Starting at the line that contains "Zapatos SKECHERS 155399-blk negro para mujer", write out each line through the end of the data below, exactly as it stands. Skip any pictures.

Given material:

•••••

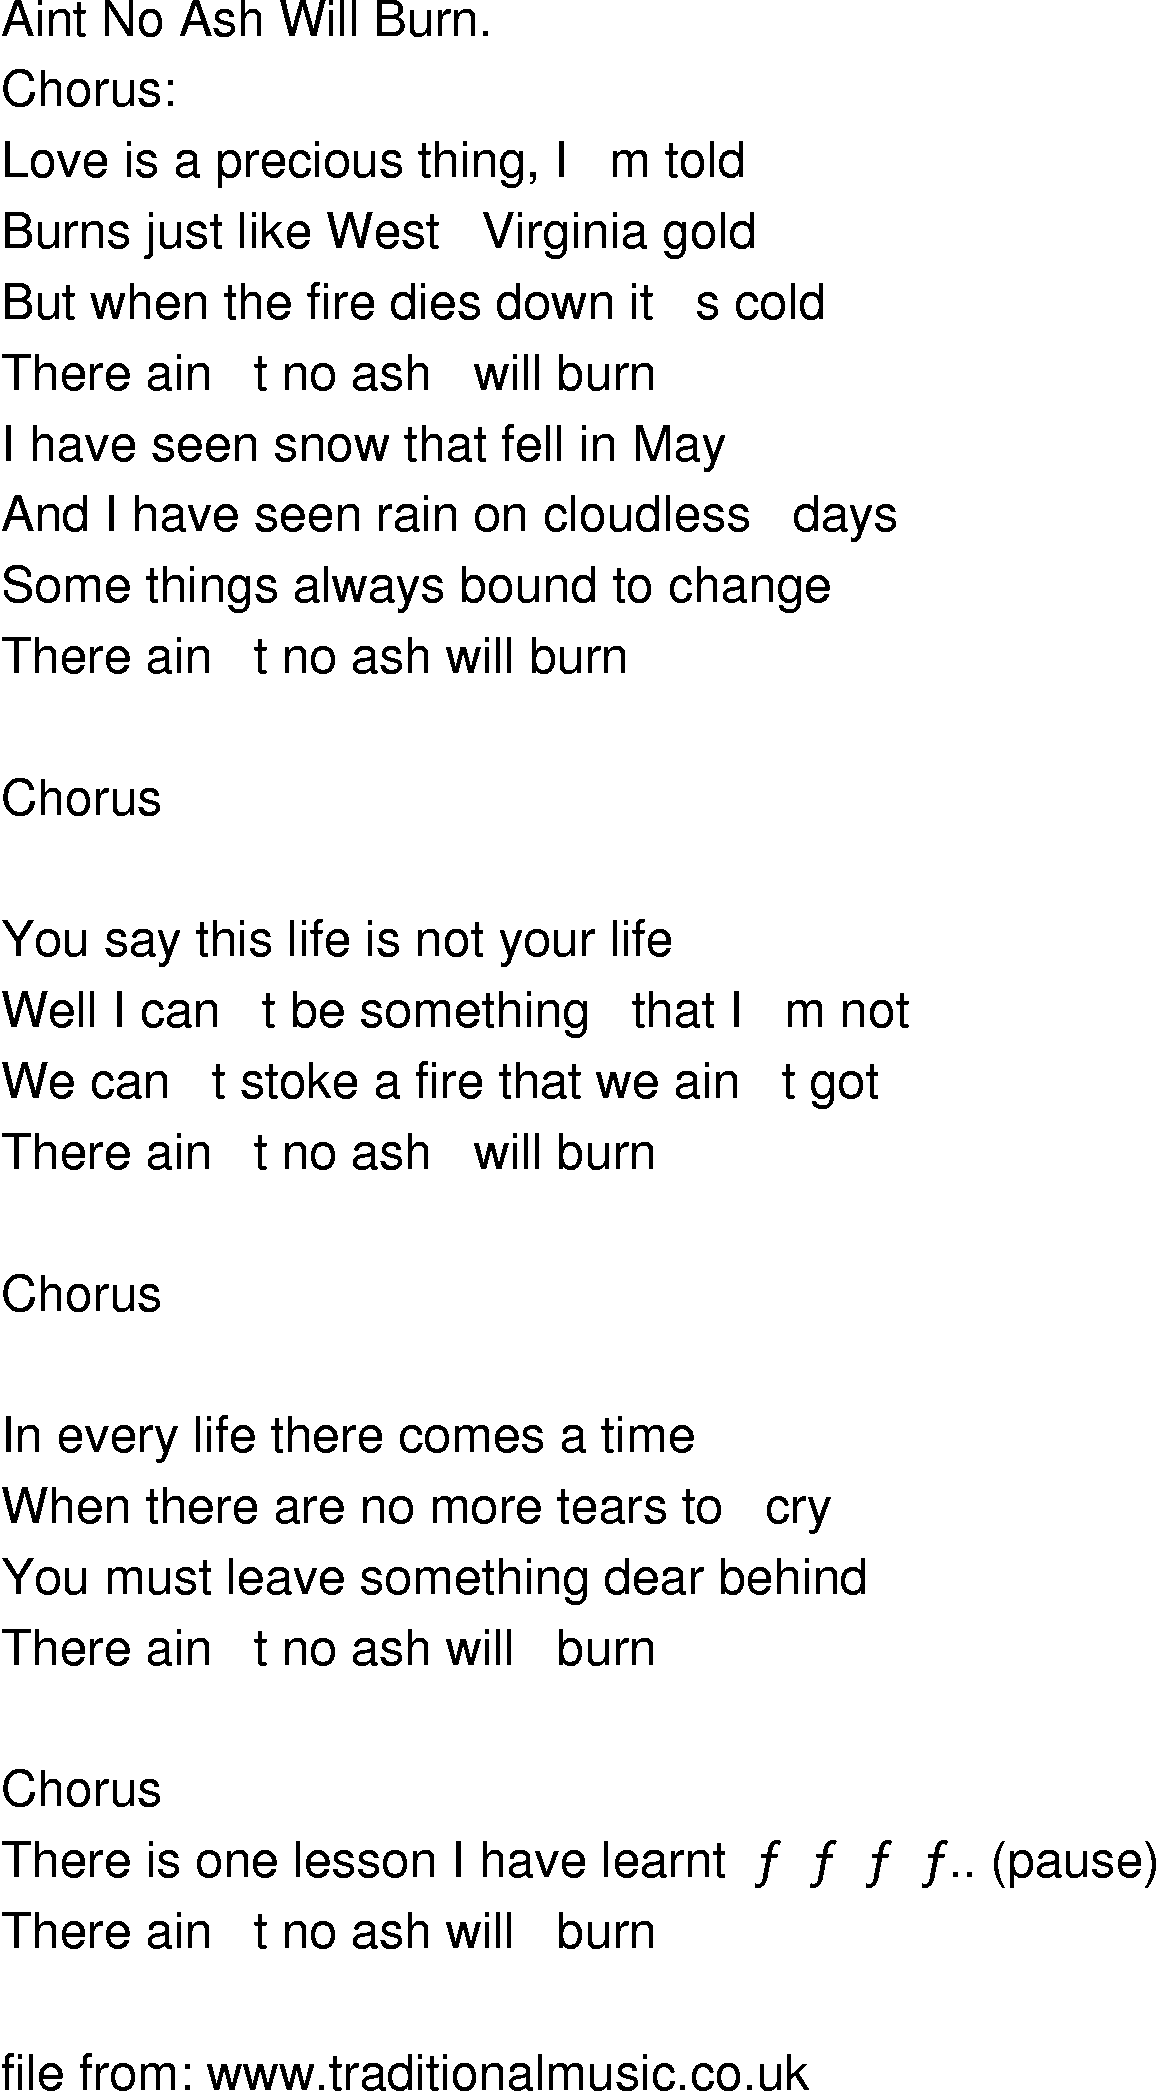 Old-Time (oldtimey) Song Lyrics - aint no ash will burn
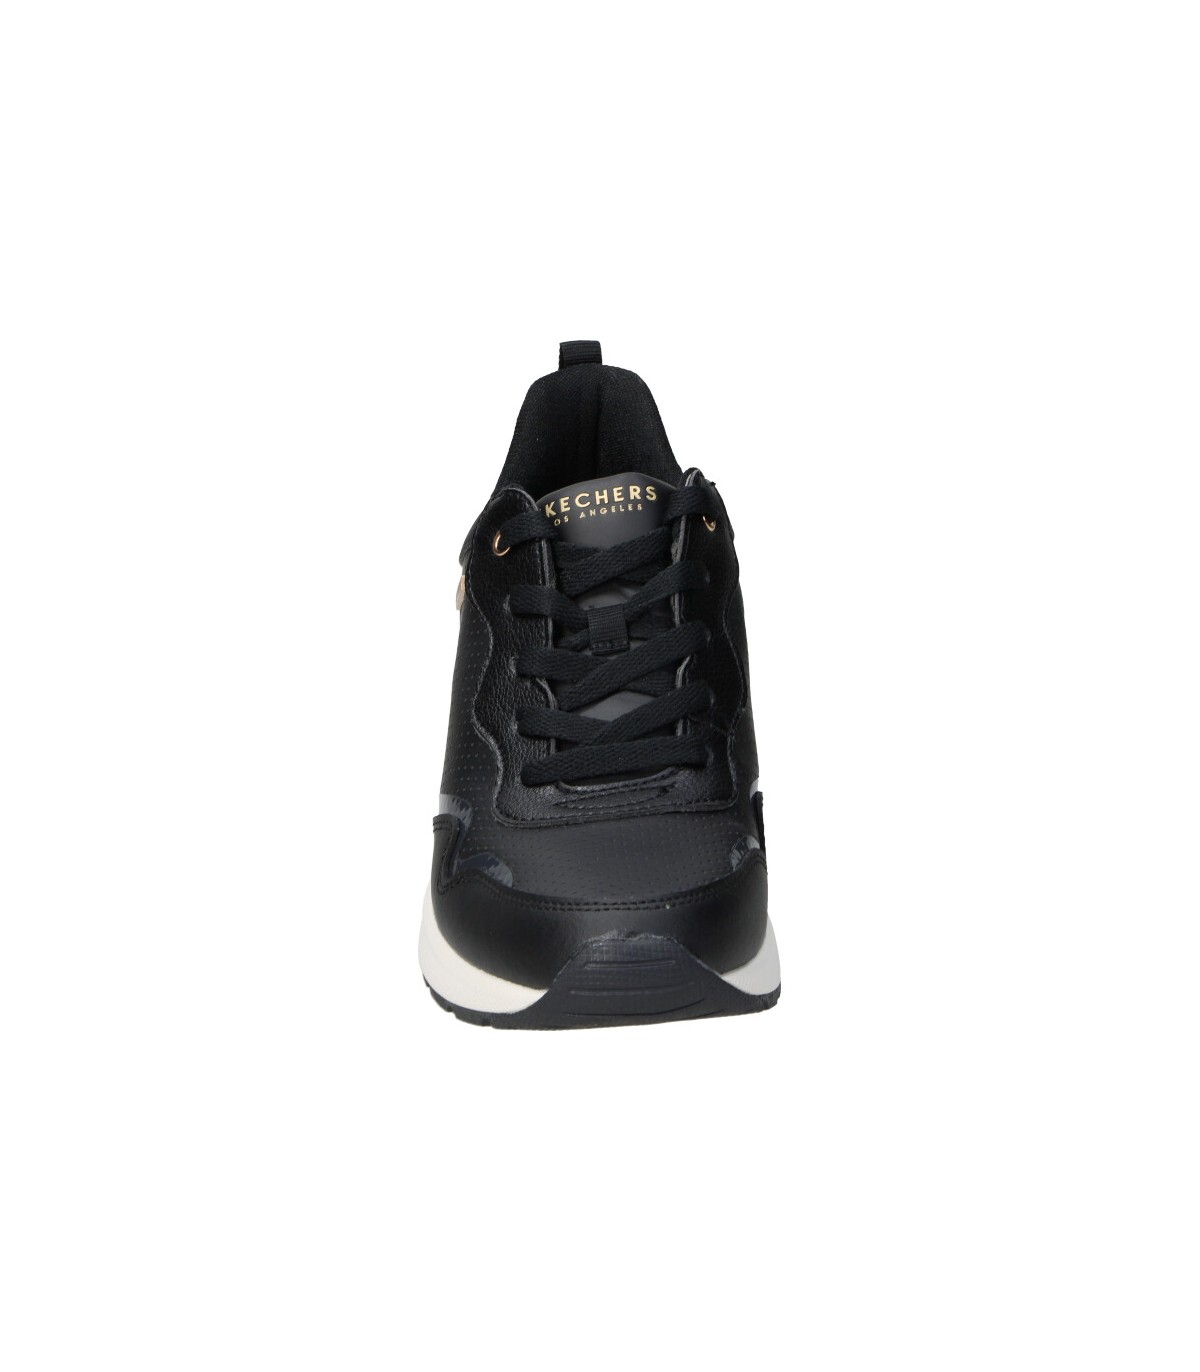 Zapatos SKECHERS 155399-blk negro para mujer
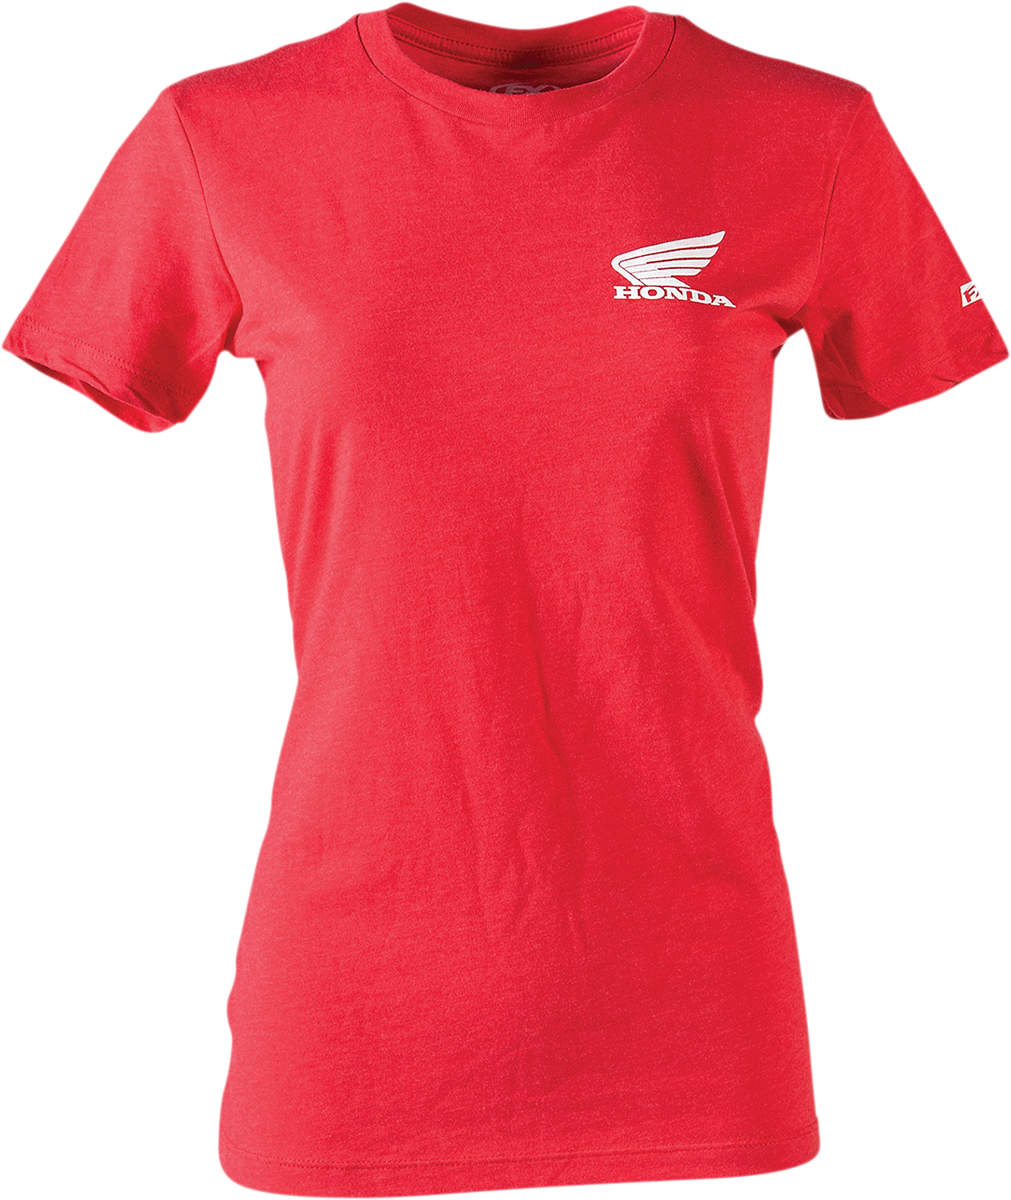 FACTORY EFFEX Women's Honda Icon T-Shirt - Red - Small 24-87310

•••••

Result below:
 Zapatos SKECHERS 155399-blk negro para mujer
 FACTORY EFFEX Women's Honda Icon T-Shirt - Red - Small 24-87310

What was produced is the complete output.